Now, you have multiple replicates so don't yet think too much about Condition A versus Condition B. You run Tophat and Cufflinks on all your samples individually to start, which you have done. You run Cuffmerge on all of your samples together. This produces a sort of global transcriptome assembly. This is important because you may have transcripts represented in one sample/condition and not others, and for proper comparisons later you need this to be reflected in your final transcript assembly. Now you run cuffquant on each sample on its own, this takes some time, but it really saves you time down the road versus the old method. While you do Cuffquant on each sample on its own you use the merged transcript assembly that you created with cuffmerge. Then, once you have all of your cuffquant outputs (cxb files) you can do your pairwise cuffdiff analyses using those cxb files to do whatever comparisons you wish. The cuffdiff steps are relatively fast because all of the quantification was done earlier.
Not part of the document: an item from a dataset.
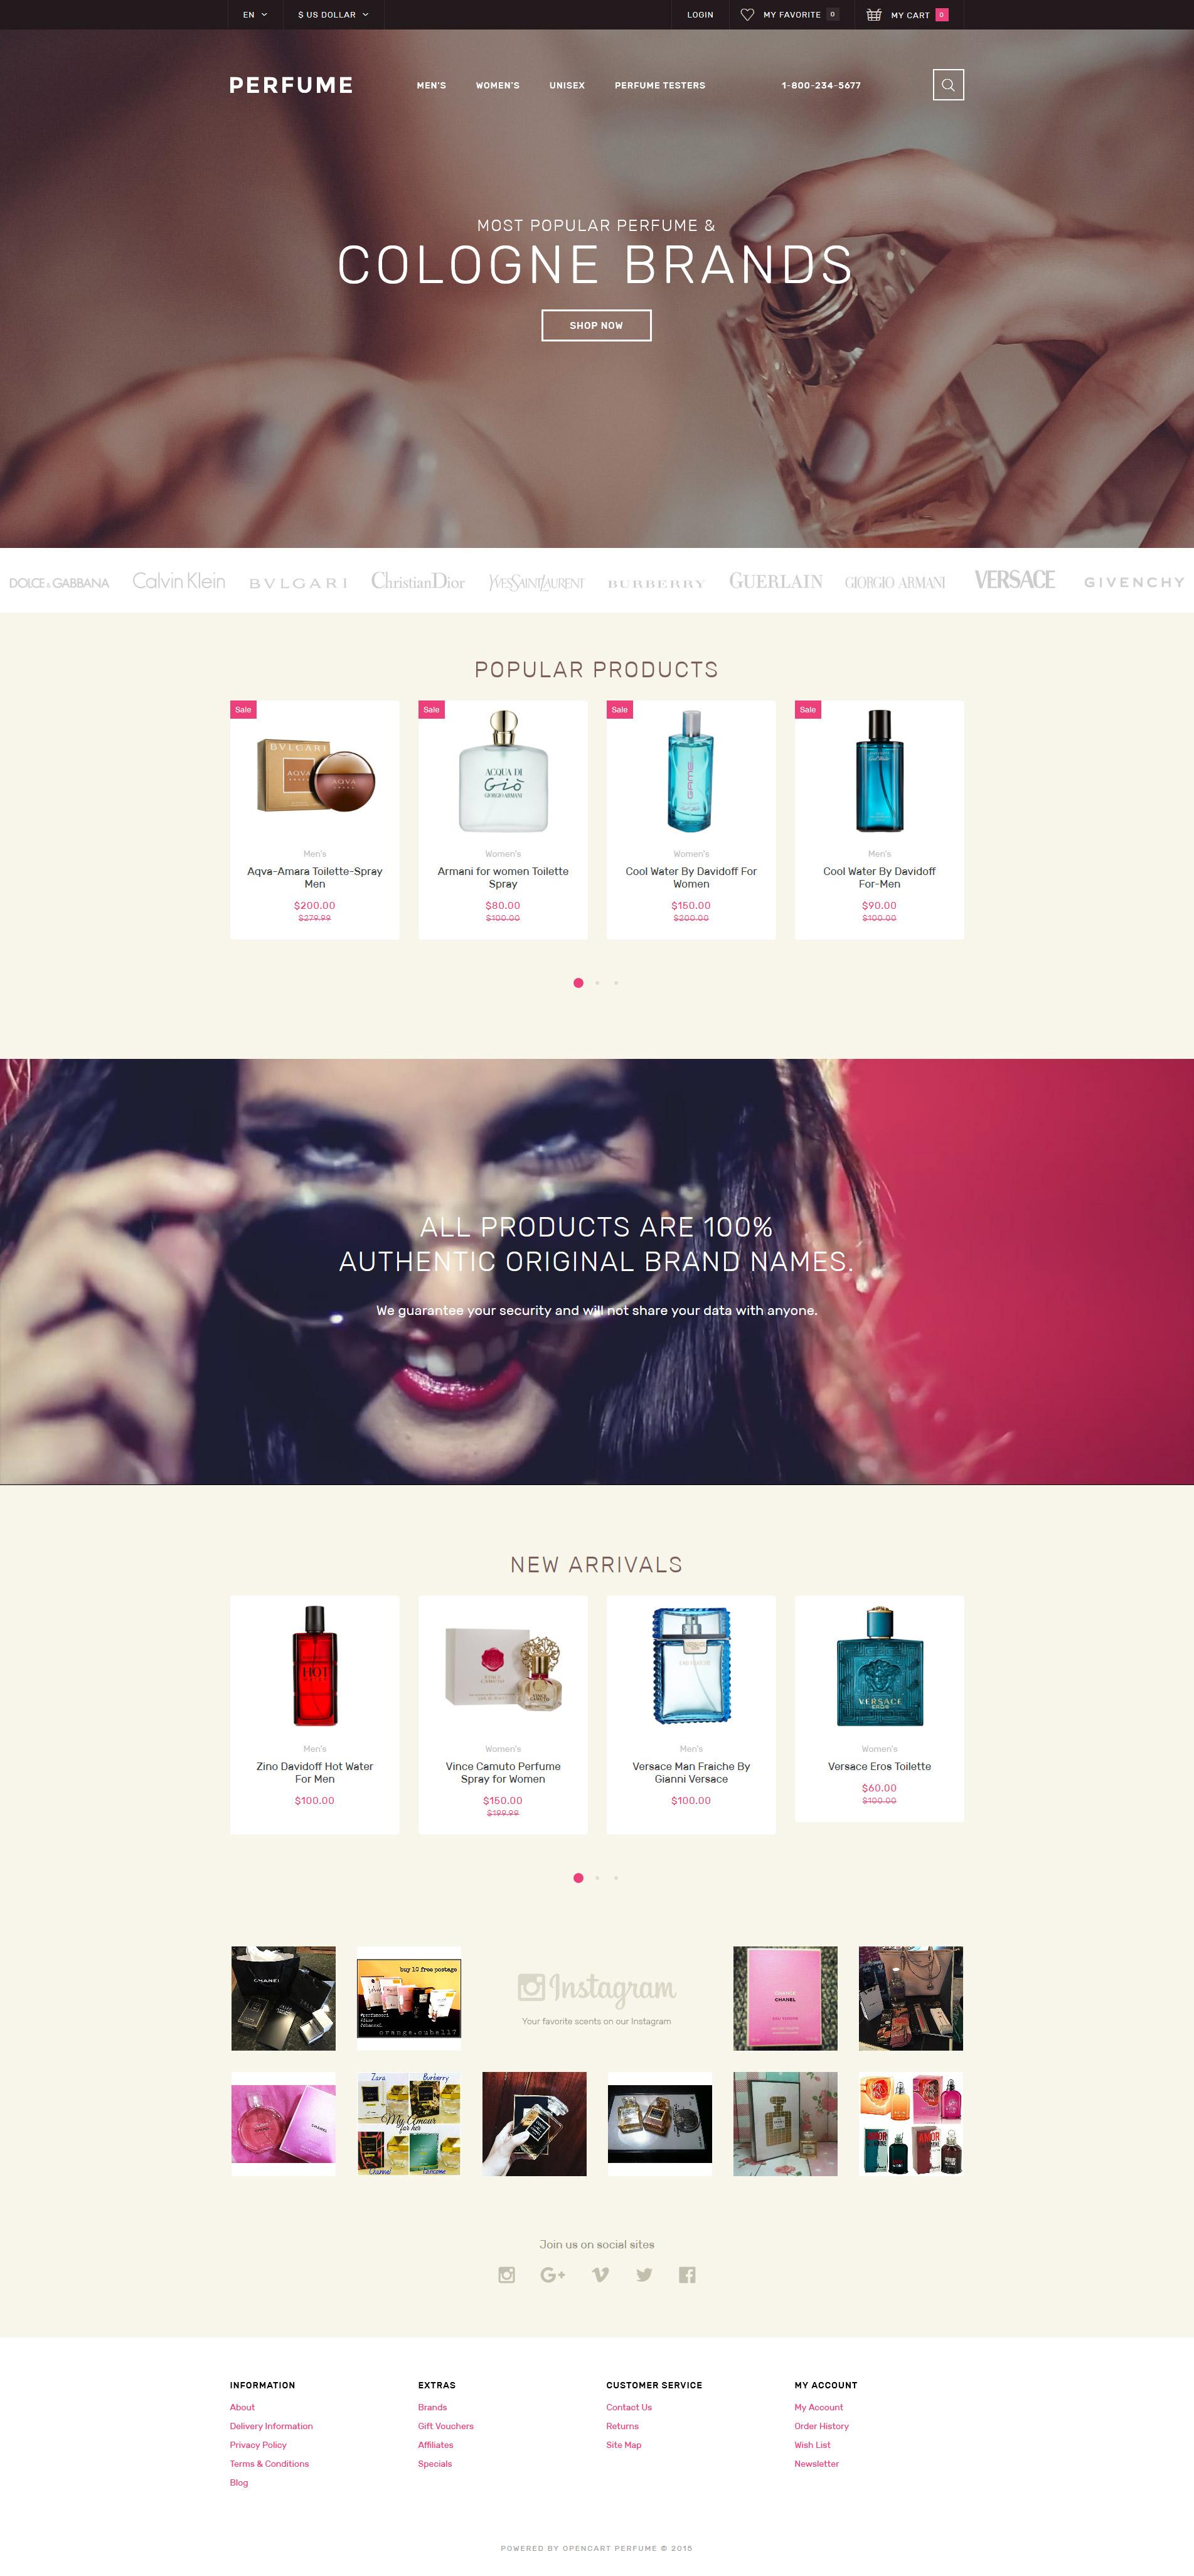 Perfume Shop №58164 - скриншот

The thing is once you have done your replicate sequencing you need to do cuffmerge again as you have new samples to be included. This also means you need to do cuffquant on all samples again (not just the new ones) because that reference transcript assembly will have changes. And since you then have new cxb files, you need to do the cuffdiff step over again for all pairwise comparisons. So there is a pretty significant amount of compute time you need to do all over again once you get replicate samples.